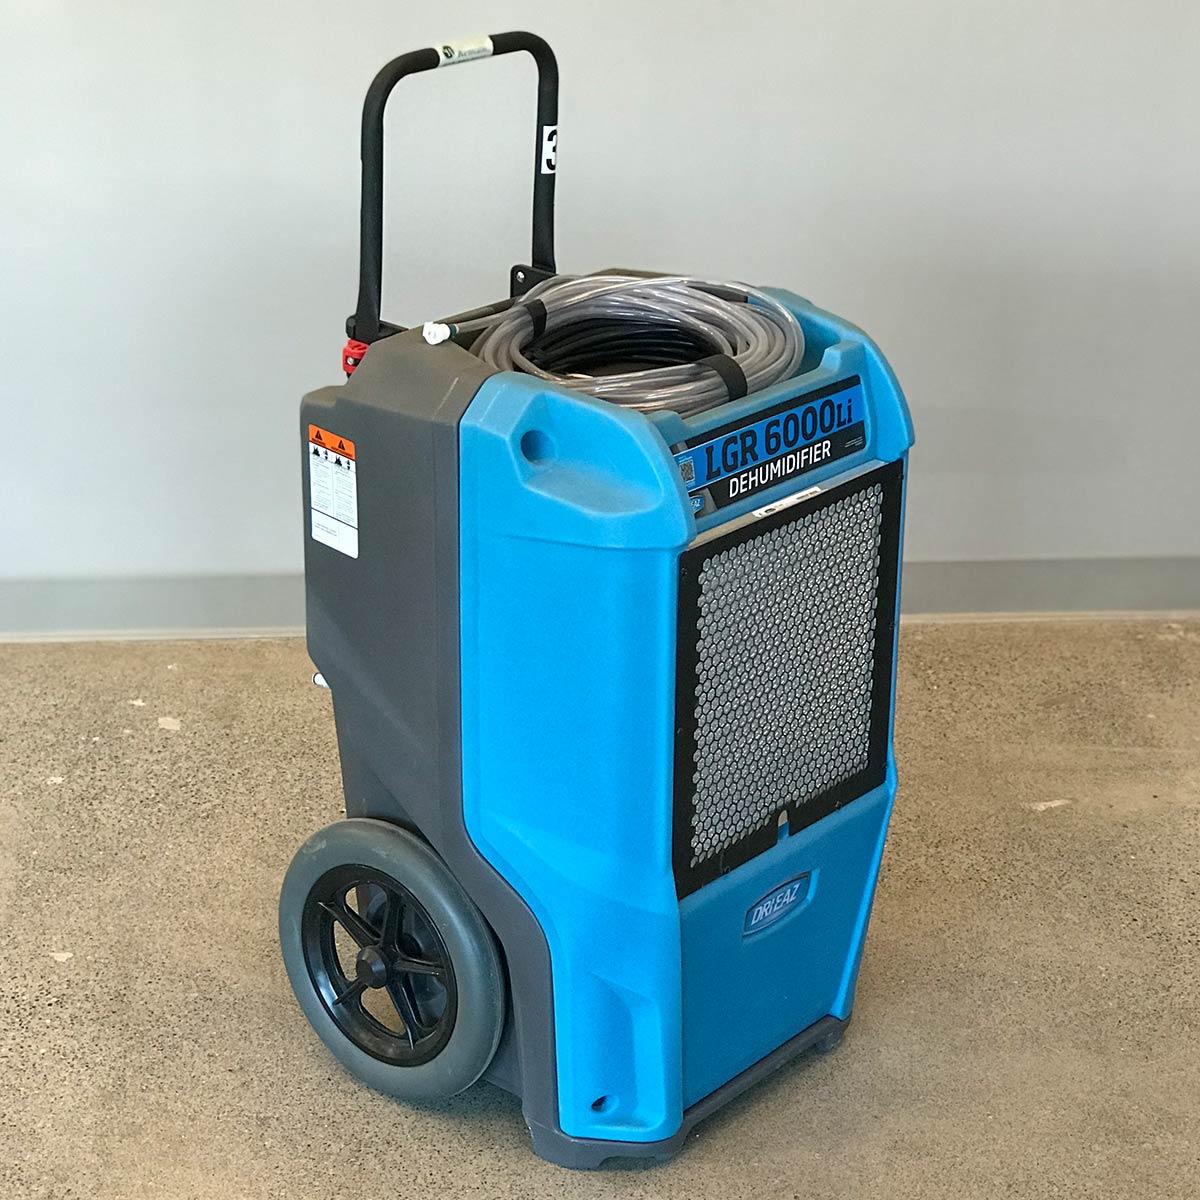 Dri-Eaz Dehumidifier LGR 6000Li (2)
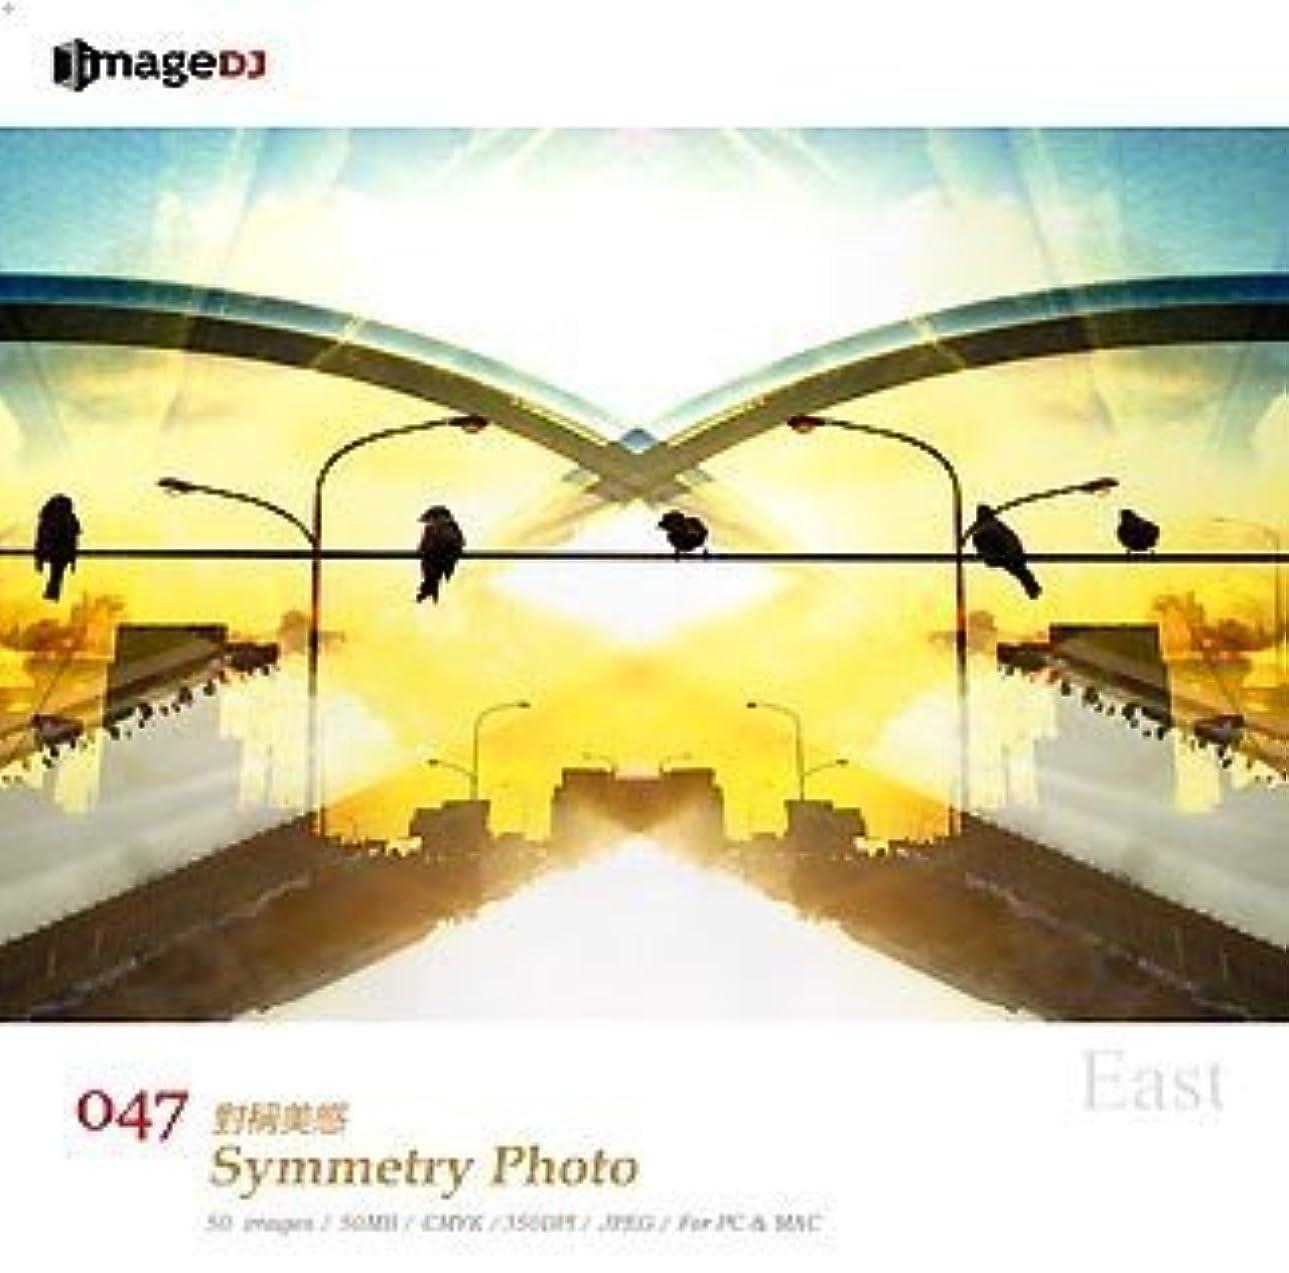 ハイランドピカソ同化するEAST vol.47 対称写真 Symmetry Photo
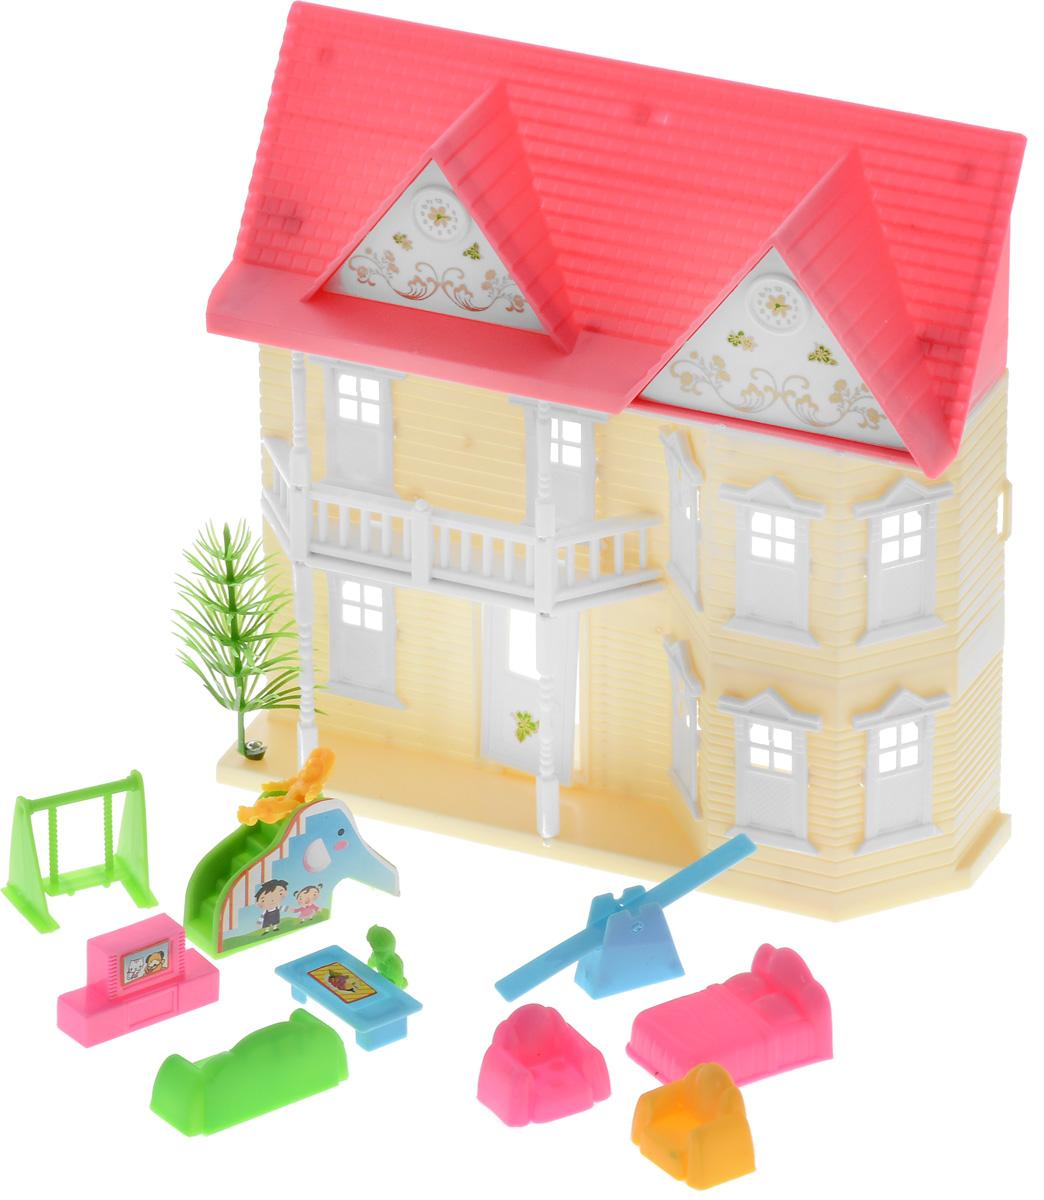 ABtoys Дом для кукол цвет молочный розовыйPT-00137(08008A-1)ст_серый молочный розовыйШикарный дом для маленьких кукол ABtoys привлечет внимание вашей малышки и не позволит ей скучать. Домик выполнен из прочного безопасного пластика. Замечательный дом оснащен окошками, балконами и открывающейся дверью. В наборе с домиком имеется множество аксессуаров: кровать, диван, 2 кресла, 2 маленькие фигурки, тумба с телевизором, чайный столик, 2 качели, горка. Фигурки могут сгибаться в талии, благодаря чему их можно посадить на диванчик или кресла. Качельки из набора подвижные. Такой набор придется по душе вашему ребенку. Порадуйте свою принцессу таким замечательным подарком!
________________
Assignment – Repeat each line above exactly. The pictures stay out.

Response box –
 Dri-Eaz Dehumidifier LGR 6000Li (2)
 ハイランドピカソ同化するEAST vol.47 対称写真 Symmetry Photo
 ABtoys Дом для кукол цвет молочный розовыйPT-00137(08008A-1)ст_серый молочный розовыйШикарный дом для маленьких кукол ABtoys привлечет внимание вашей малышки и не позволит ей скучать. Домик выполнен из прочного безопасного пластика. Замечательный дом оснащен окошками, балконами и открывающейся дверью. В наборе с домиком имеется множество аксессуаров: кровать, диван, 2 кресла, 2 маленькие фигурки, тумба с телевизором, чайный столик, 2 качели, горка. Фигурки могут сгибаться в талии, благодаря чему их можно посадить на диванчик или кресла. Качельки из набора подвижные. Такой набор придется по душе вашему ребенку. Порадуйте свою принцессу таким замечательным подарком!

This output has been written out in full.